Frasa "Empat Pilar" dibatalkan

Perlawanan juga dilakukan melalui forum ilmiah. Contohnya Kongres Pancasila IV di UGM (Juni 2012), Kongres Pancasila V di UGM (Juni 2013), Sarasehan Nasional di UGM (Agustus 2013). Selanjutnya pada November 2013 sekelompok masyarakat (MPP Joglosemar/ PSP UGM) mengajukan judicial review Pasal 34 ayat (3b) UU Nomor 2 Tahun 2011 ke MK melalui gugatan perkara Nomor 100/PUU-XI/2013. Karena Pasal/ ayat itulah yang menjadi biang muncul dan merebaknya istilah "pilar".  

April 2014 MK mengabulkan permohonan gugatan. Dengan kata lain MK membatalkan frasa "Empat Pilar Berbangsa dan Bernegara". Demi hukum, praktis sejak tanggal itu istilah tersebut tidak dapat lagi digunakan. Tetapi tidak seperti Lemhannas, UGM, dan beberapa institusi negara lainnya, MPR bergeming. 
Seakan-akan sudah menjadi "brand" terkenal yang sudah melekat dan tak tergantikan, MPR memilih bertahan. Tetapi karena publik terus menekan, MPR memodifikasinya menjadi "Empat Pilar MPR RI". Segampang dan sesederhana itu.

GPM benteng Pancasila

Dalam sidang BPUPKI tanggal 1 Juni 1945, Sukarno sendiri mengatakan bahwa Pancasila adalah dasar negara. Demikian pula ditegaskan di alinea-4 Pembukaan UUD NRI 1945. Upaya mengganti istilah "dasar negara" dengan nama lain, seperti "pilar", selain mencederai nilai-nilai perjuangan dan mengingkari kesepakatan para pendiri bangsa, juga sangat-sangat berpotensi mengancam keselamatan negara. 

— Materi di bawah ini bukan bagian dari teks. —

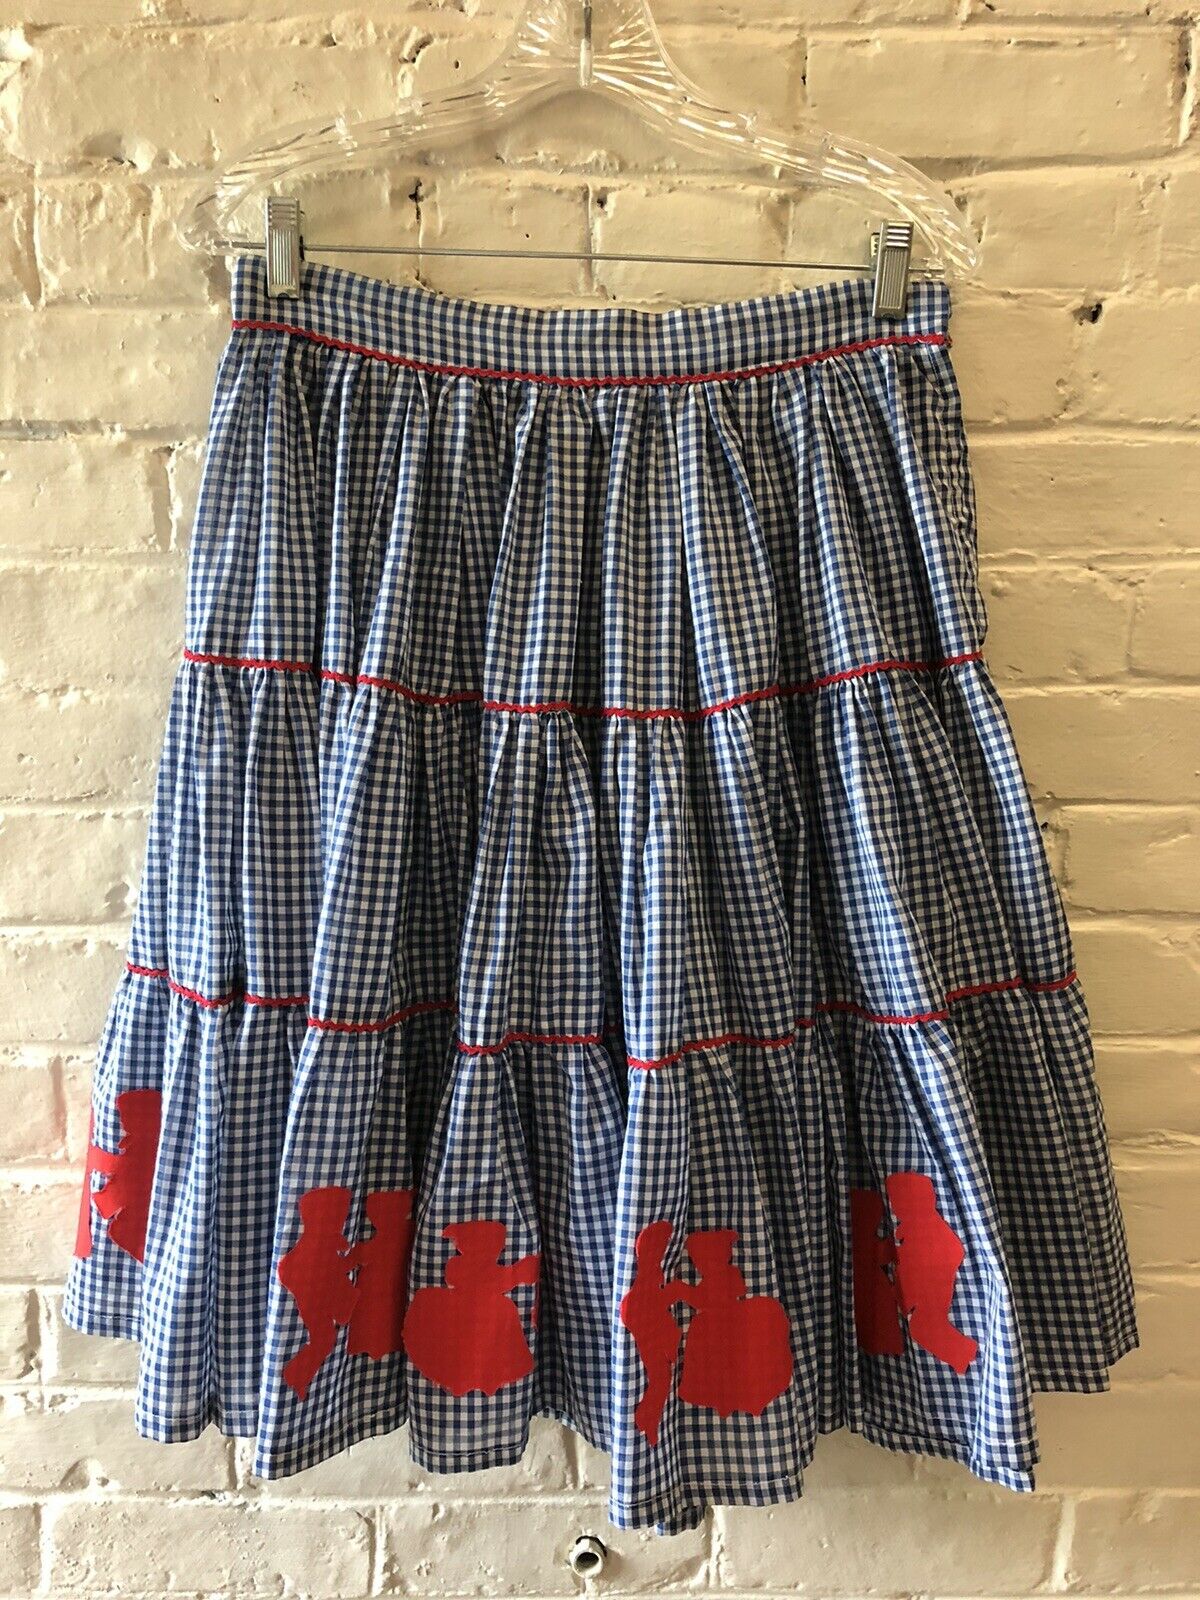 M Vintage Handmade Western Square Dance Skirt Blue Check

Pertanyaannya, kenapa MPR masih ngotot dan mati-matian mempertahankan "pilar"?! Arogansi semacam itu memunculkan spekulasi dan tanda tanya besar di balik kampanye "Empat Pilar". Ada apa?! Bukankah "pilar" tak ubahnya tiang penyangga?! Di sinilah kebangkitan Gerakan Pemuda Marhaenis (GPM) menjadi sangat penting dan tak dapat ditunda-tunda. 

Karena GPM-lah yang diharap mampu menjadi benteng, baik terselubung maupun terang-terangan setiap upaya mendeideologisasi Pancasila sebagi dasar negara. MERDEKA!!!